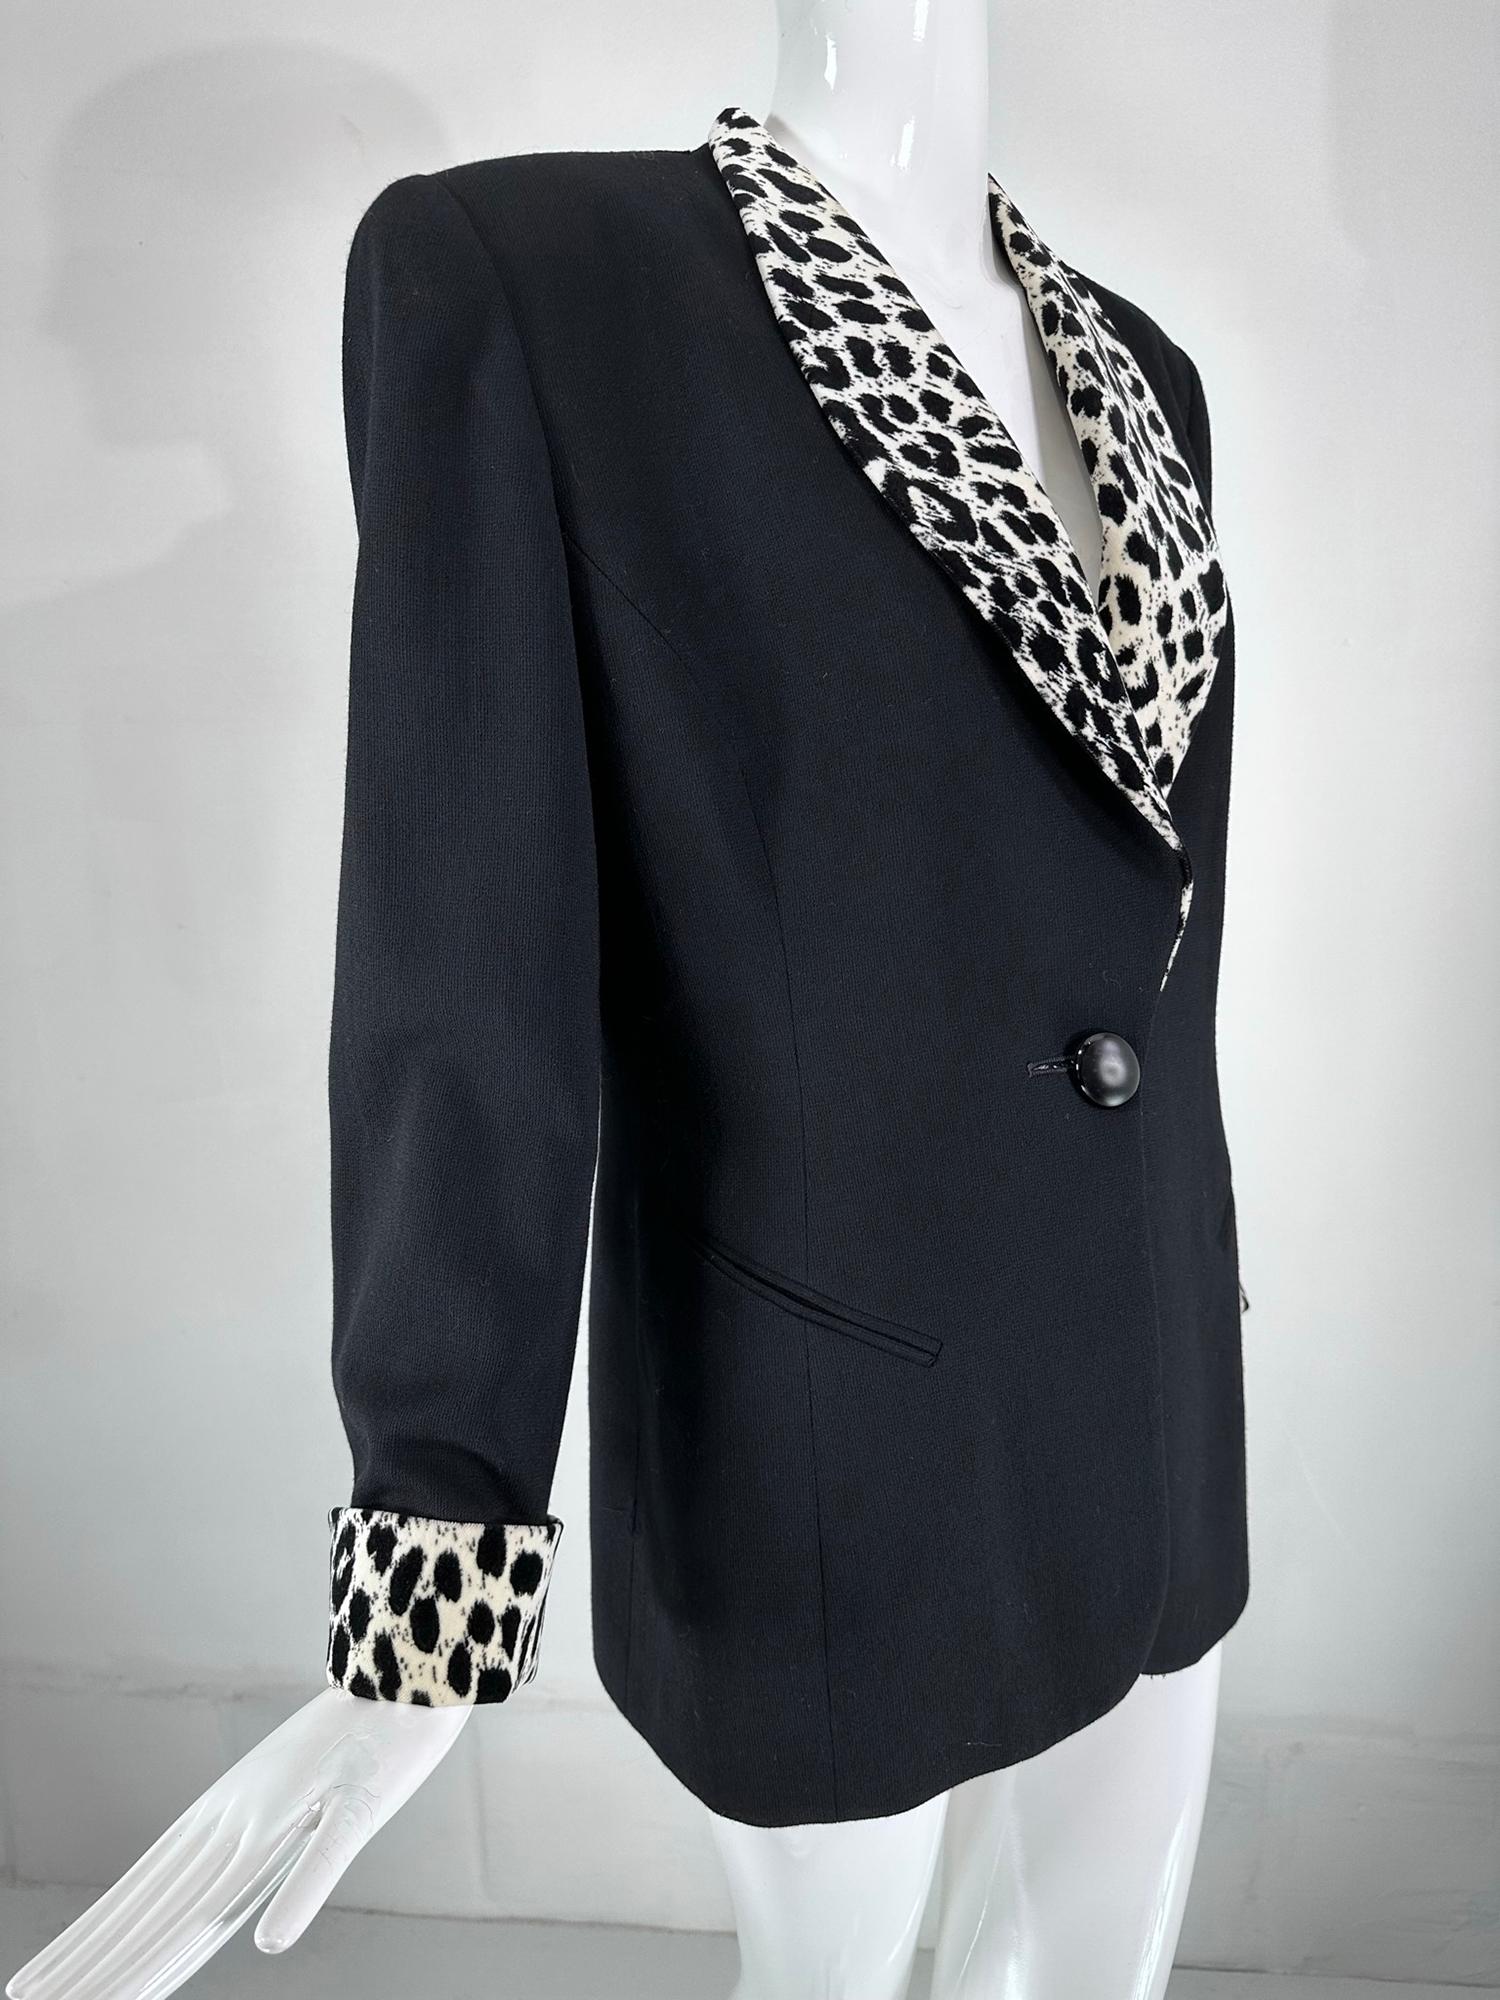 Christian Dior princess seam tuxedo style jacket with leopard velvet collar, facings  & cuffs. Black wool crepe jacket, fitted, elongated hip length silhouette, angled besom front pockets. Single breasted jacket with shawl collar & matching turn
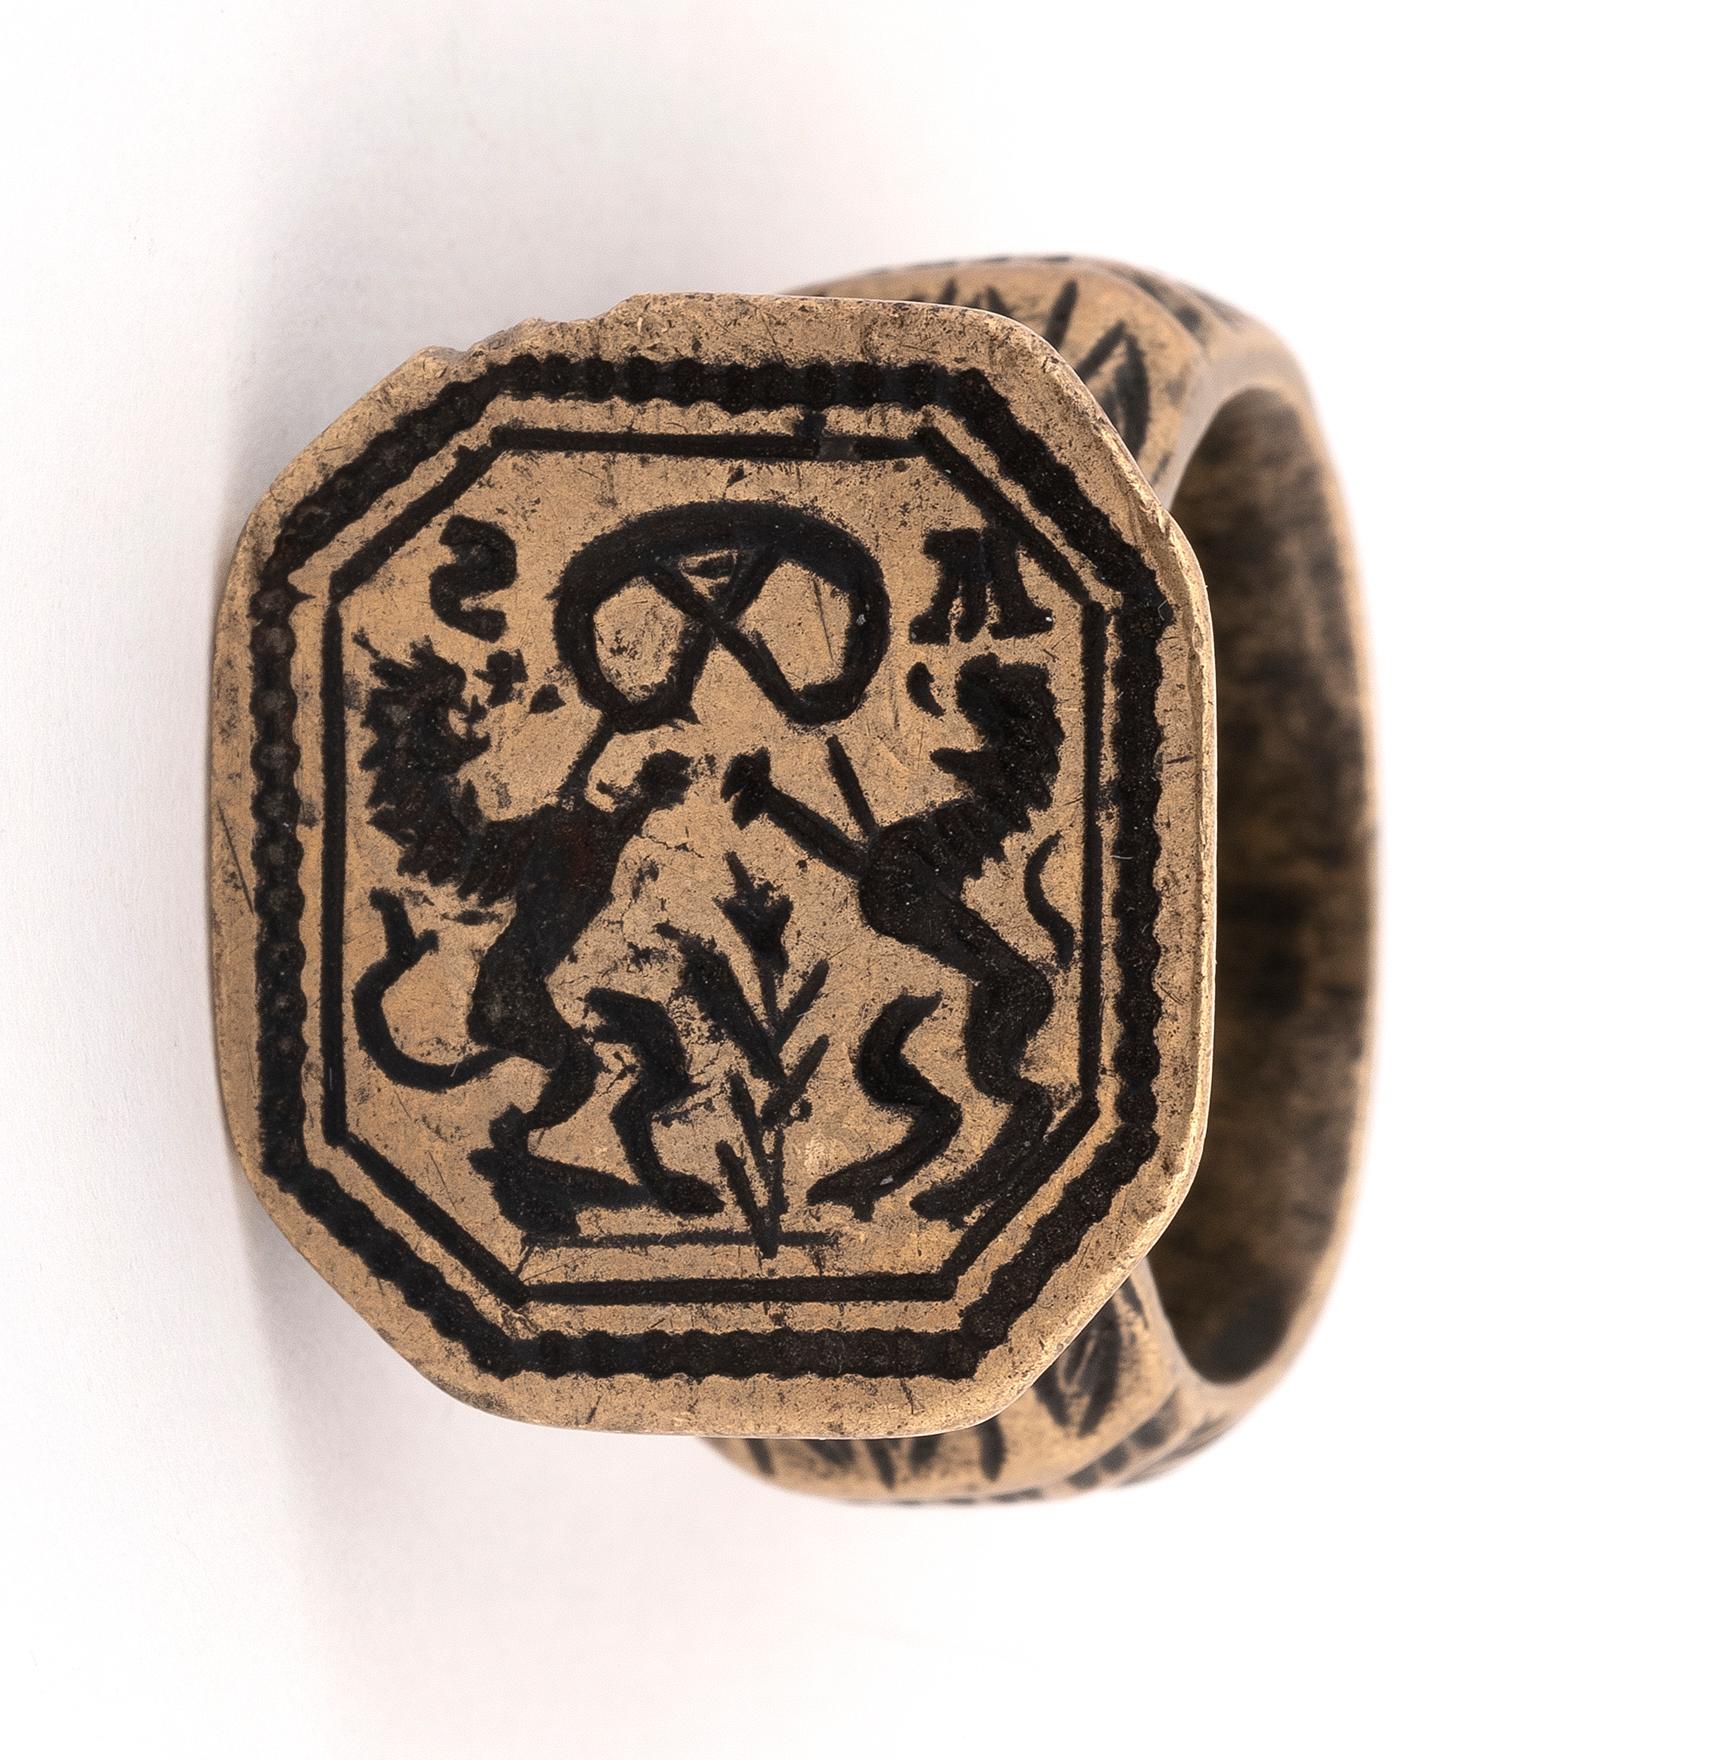 The bronze ring with an octagonal plaque carved with merchant's symbols.
Dated 1773
Ring size 9
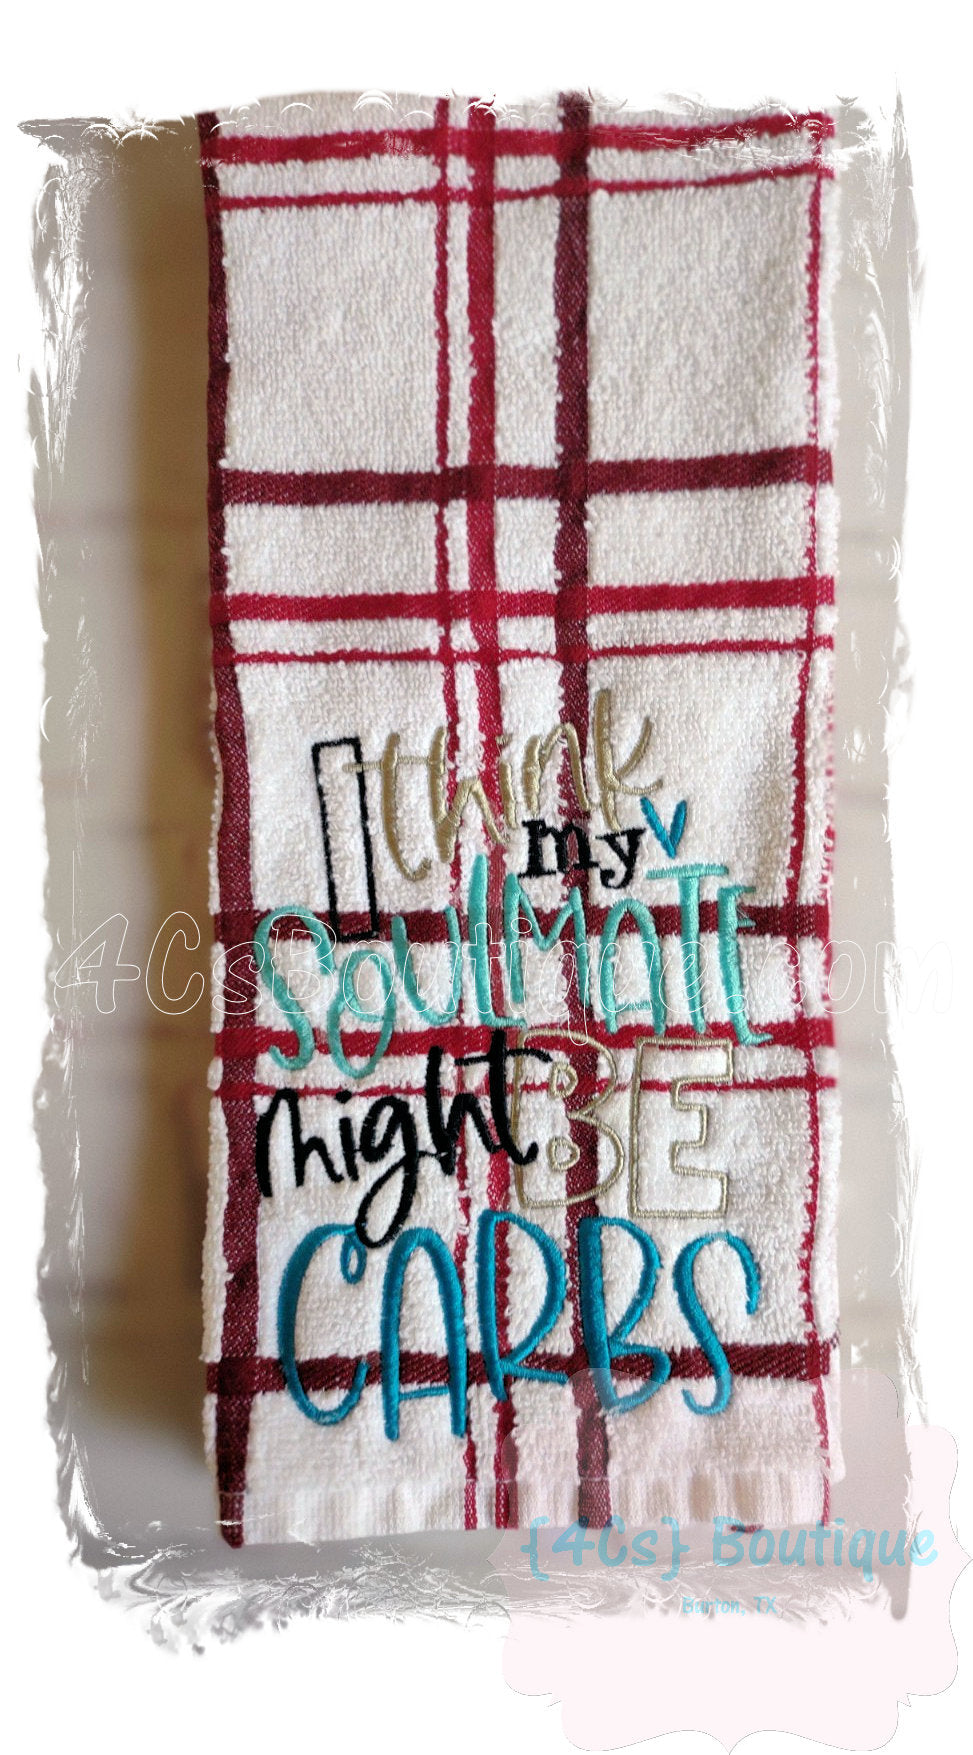 I Think My Soulmate Might Be Carbs Hand Towel

━━━━━━━━━━━━━━━━━━━━

» WHAT THE EXERCISE ASKS
Text only, pictures out: give every record again as written.

» TASK OUTPUT
 Christian Dior princess seam tuxedo style jacket with leopard velvet collar, facings  & cuffs. Black wool crepe jacket, fitted, elongated hip length silhouette, angled besom front pockets. Single breasted jacket with shawl collar & matching turn
 The bronze ring with an octagonal plaque carved with merchant's symbols.
Dated 1773
Ring size 9
 I Think My Soulmate Might Be Carbs Hand Towel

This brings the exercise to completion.